- **Description of the task**: Practice item. Set the material below down again exactly, with no pictures.
Provided data Block Start
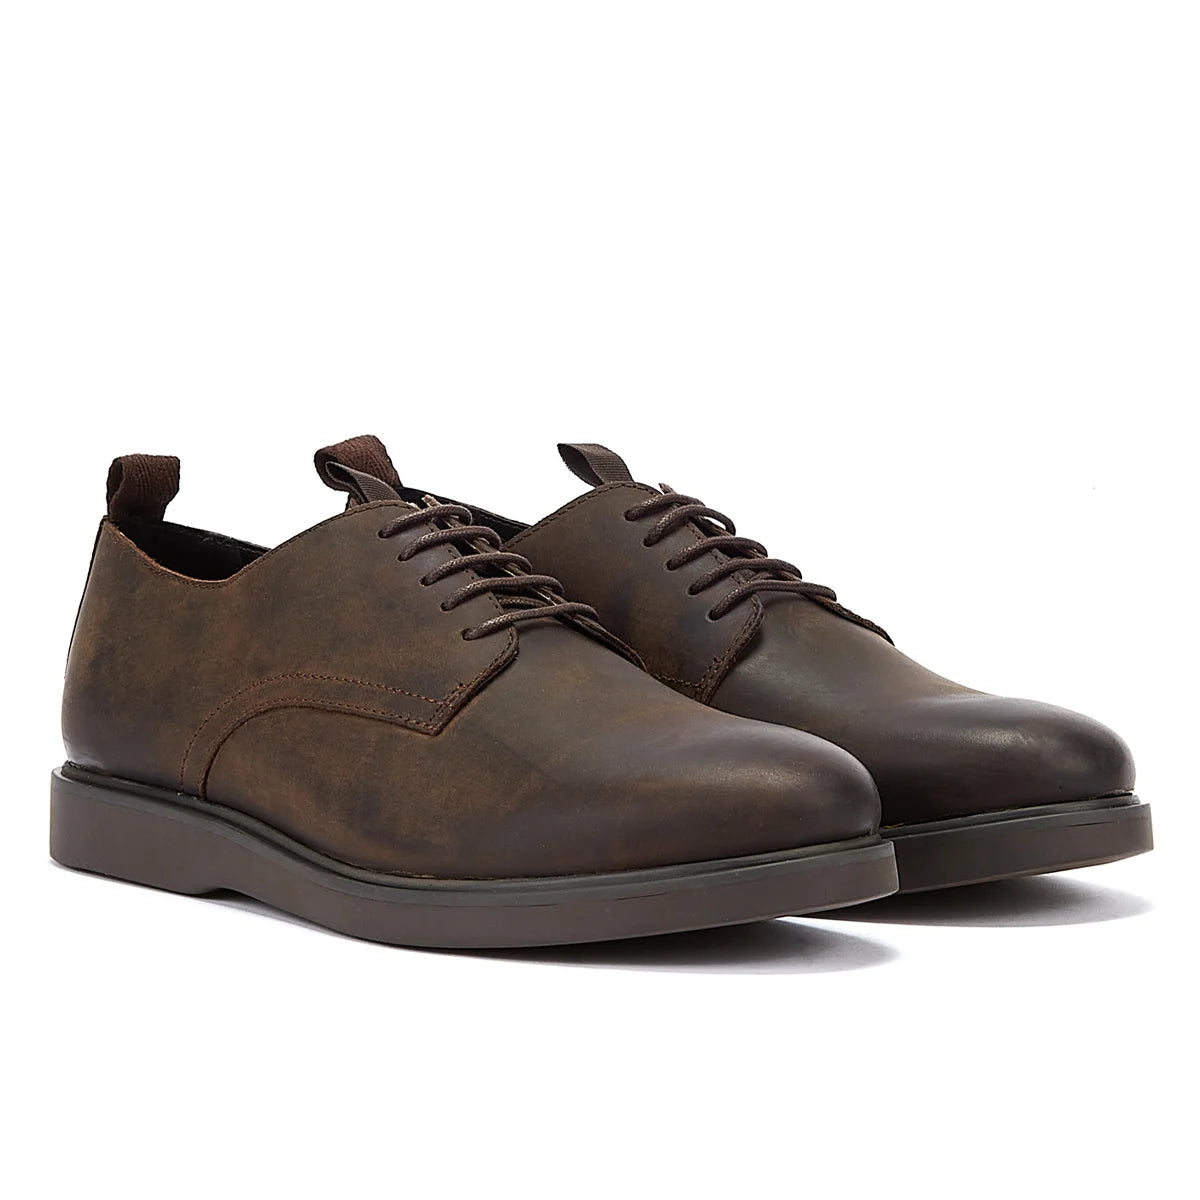 Hudson Barnstable Crazy Leather Men’s Brown Lace-Up Shoes
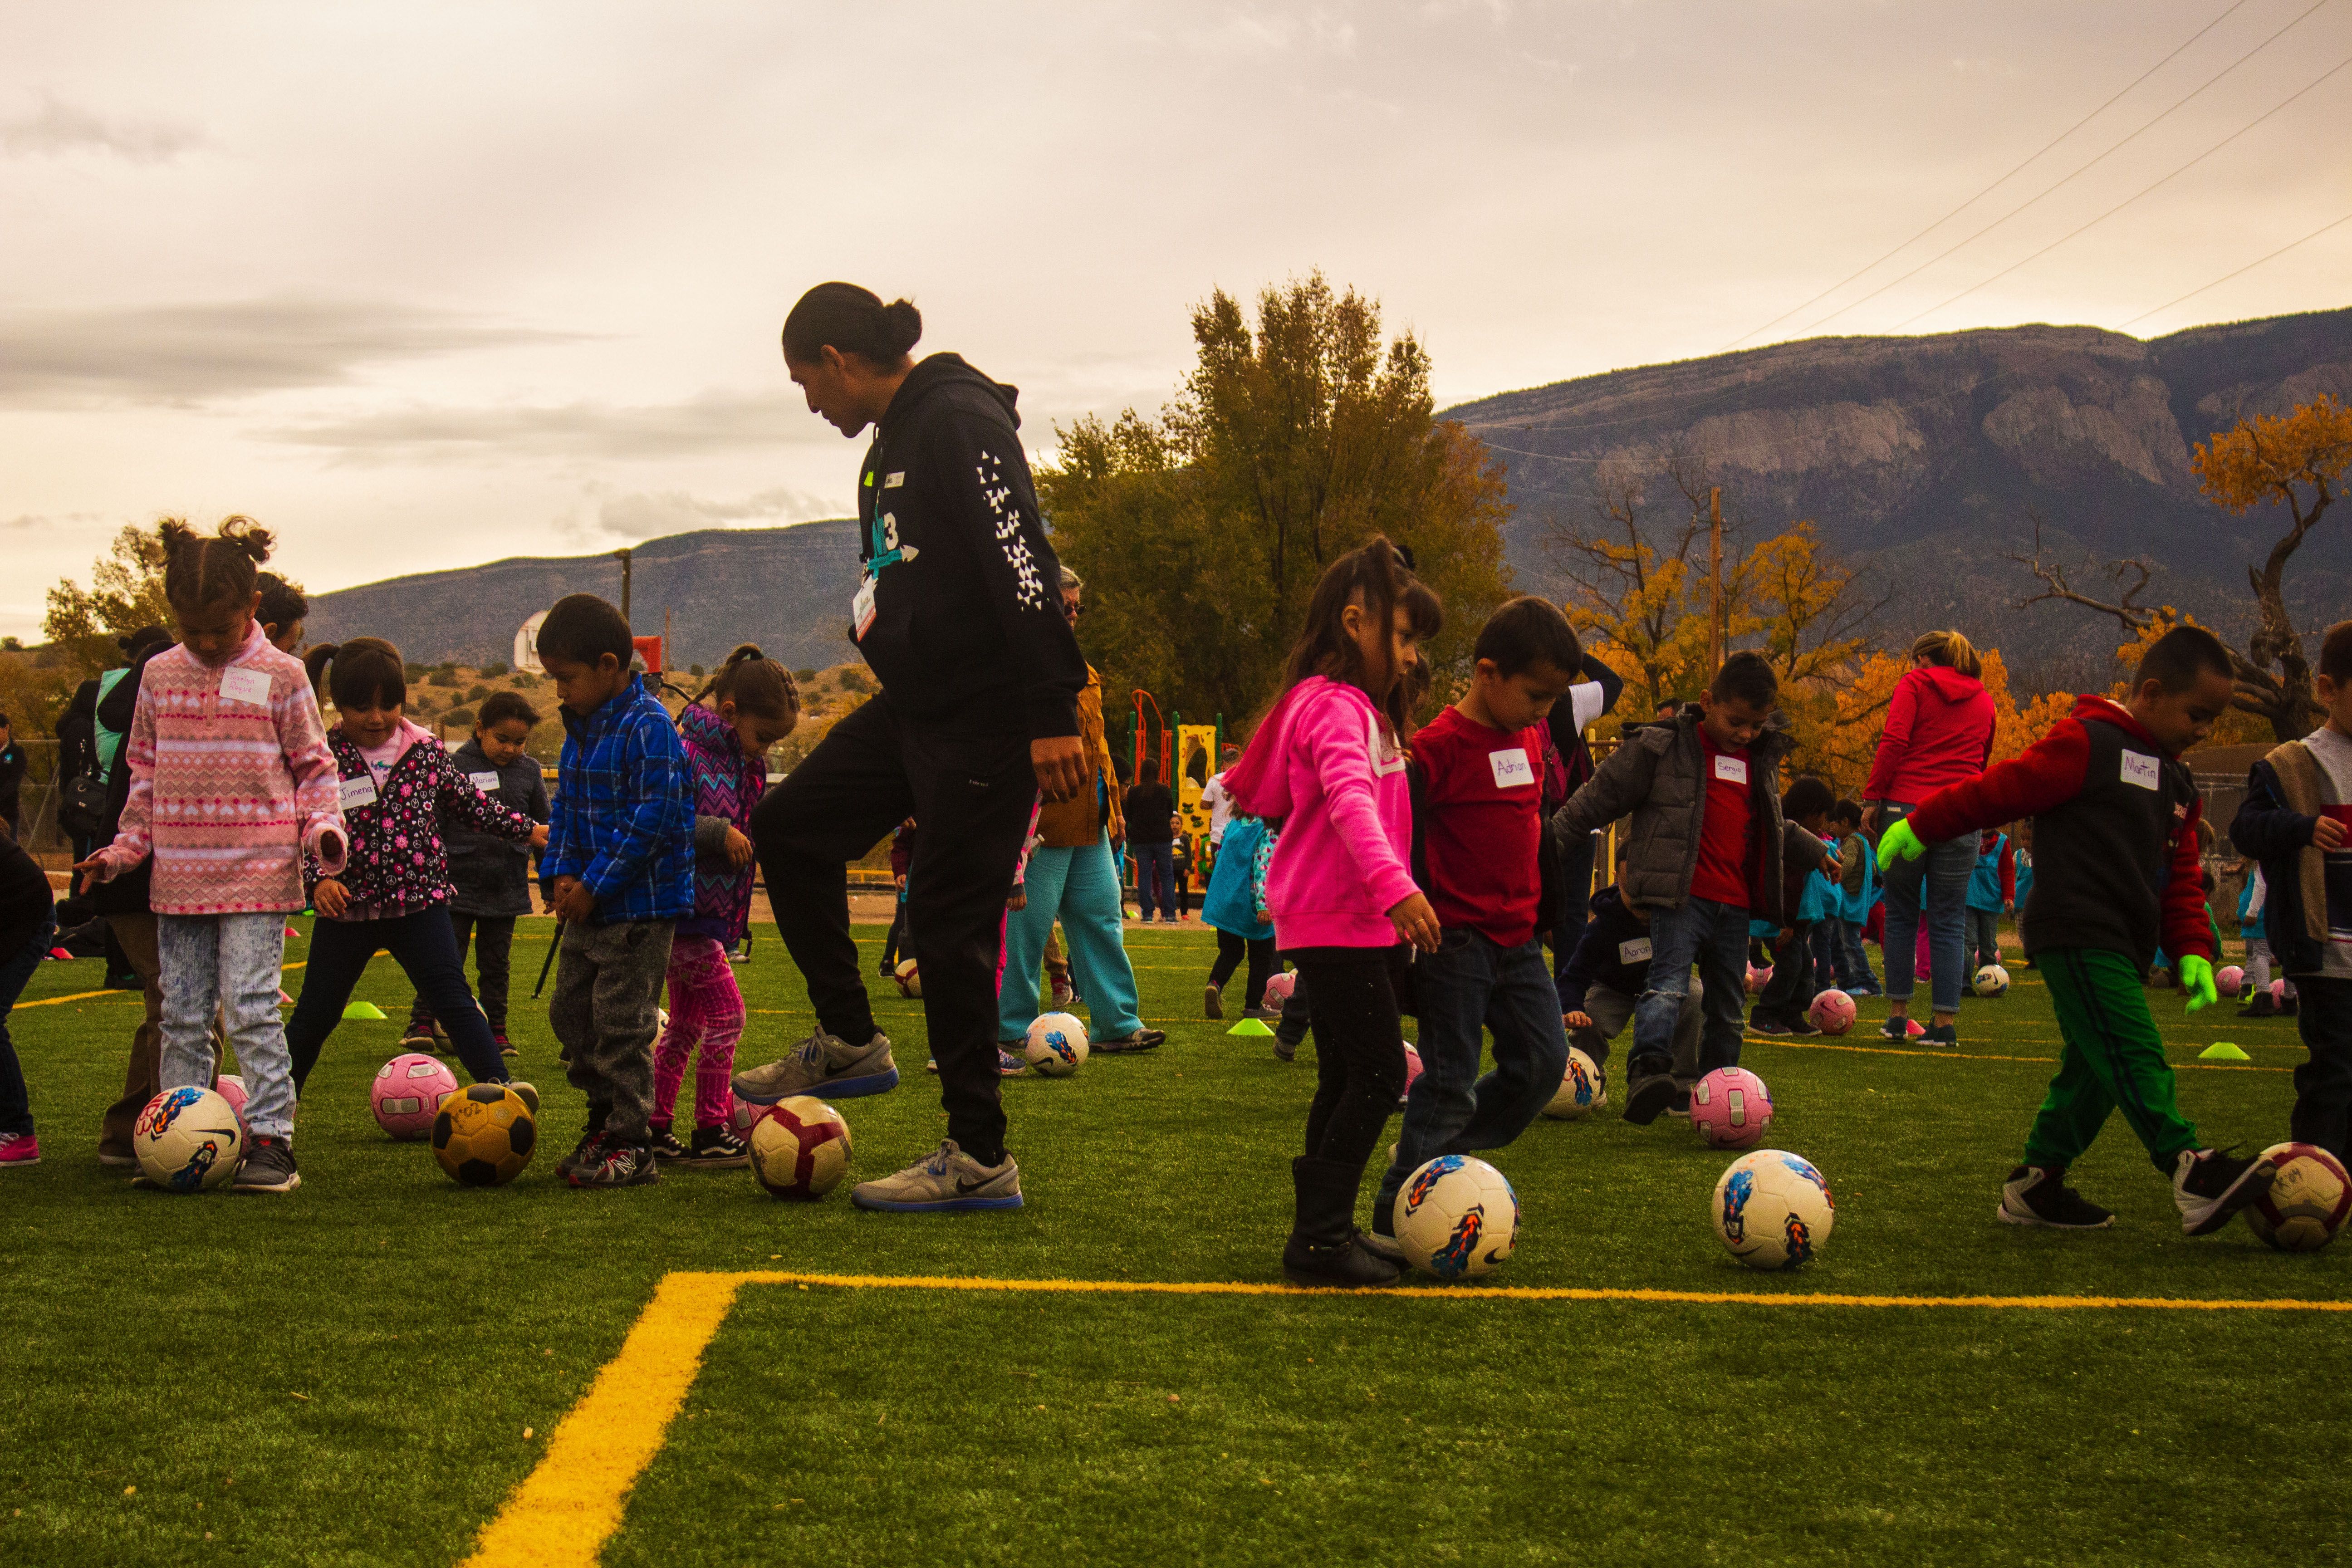 The students warmed up at the beginning of the clinic with basic dribbles. They were instructed to dribble the soccer ball close to their bodies and maintain control. Image by Viridiana Vidales Coyt, United States, 2017.
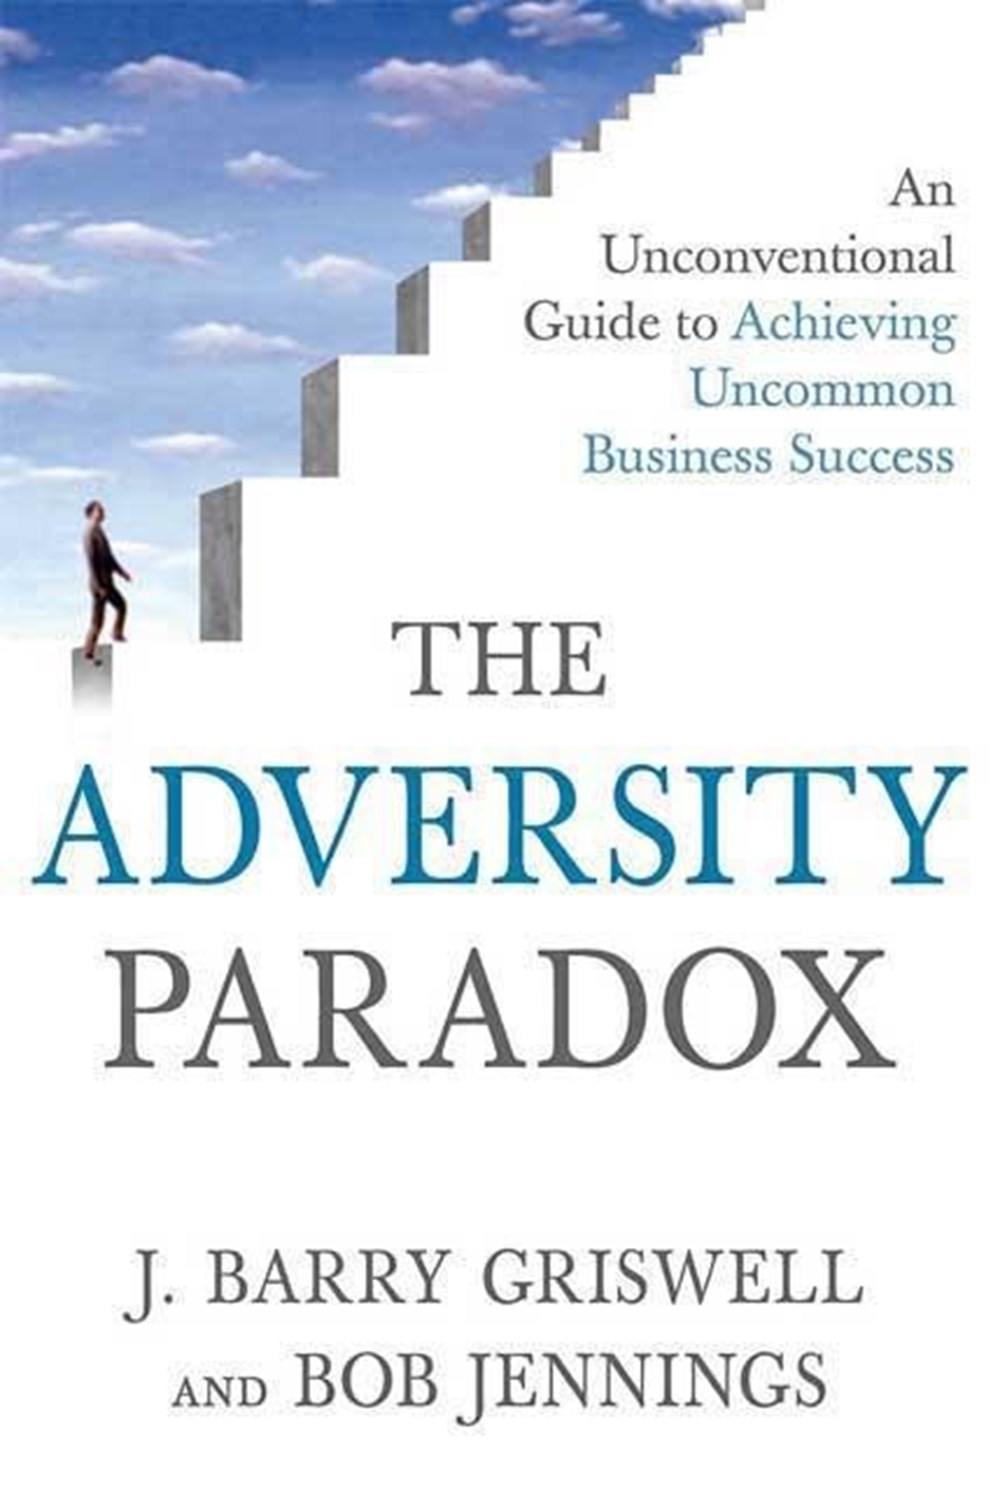 Adversity Paradox: An Unconventional Guide to Achieving Uncommon Business Success
Provided data Block End
- **Result of this task**:
 Hudson Barnstable Crazy Leather Men’s Brown Lace-Up Shoes
 The students warmed up at the beginning of the clinic with basic dribbles. They were instructed to dribble the soccer ball close to their bodies and maintain control. Image by Viridiana Vidales Coyt, United States, 2017.
 Adversity Paradox: An Unconventional Guide to Achieving Uncommon Business Success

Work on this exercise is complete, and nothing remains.